The two men also shared more in common than either seems to have realized. Both were descendants of Canadians, and more specifically of families connected to Quebec. In Quesnell’s case, his grandfather William Henry Quesnell was born in St. Anicet, Quebec, before settling in Wisconsin. Morton Smith’s Canadian grandfather was born in Toronto, Ontario, but established a stained-glass painting business in Montreal before ultimately moving to Philadelphia to found a similar enterprise. Morton Smith’s father, Rupert Henry Smith, was himself born in Montreal. Quesnell’s ancestry reached back to France; Smith’s parents traced their origins to England. Yet both men, in different ways, stood at a distance from the secure identities they had inherited. Smith may even have suspected that he had no biological connection to the parents who raised him, since his mother was forty-three years old when he was born. If Quesnell’s crisis involved the collapse of a religious identity, Smith’s life may also have been shadowed by questions of origin, inheritance, and belonging.
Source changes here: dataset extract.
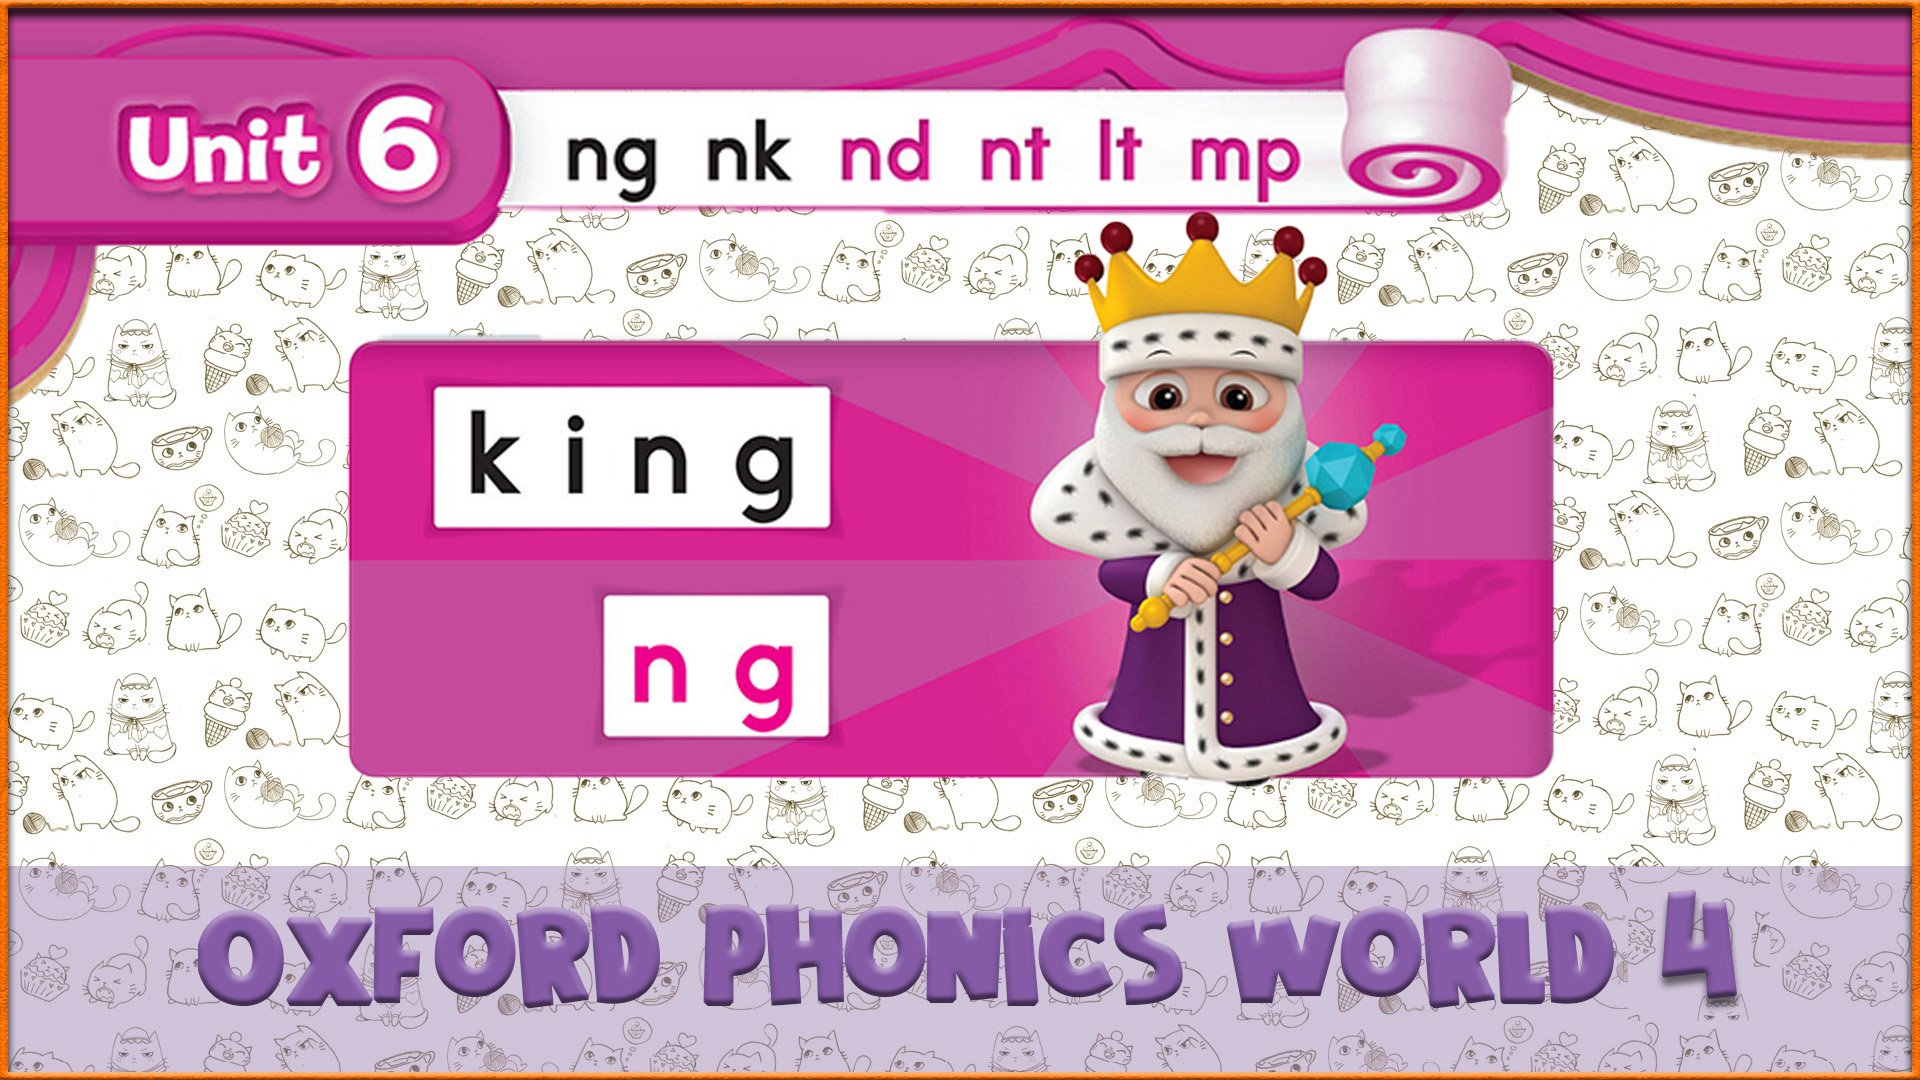 | ng | Oxford Phonics World 4 - Consonant Blends. #34

Seen in this light, their conflict becomes more than an argument over a manuscript. It becomes a collision between two men who had each been formed by institutions, inheritances, and loyalties they could no longer fully trust. Smith discovered, or claimed to discover, a hidden gospel in the desert. Quesnell discovered, or believed he had discovered, a hidden flaw in Smith. The debate over authenticity was therefore never merely about whether Clement wrote the Letter to Theodore. It was also about whether the authorities that shaped modern scholarship—church, university, archive, expert, mentor—could still be believed.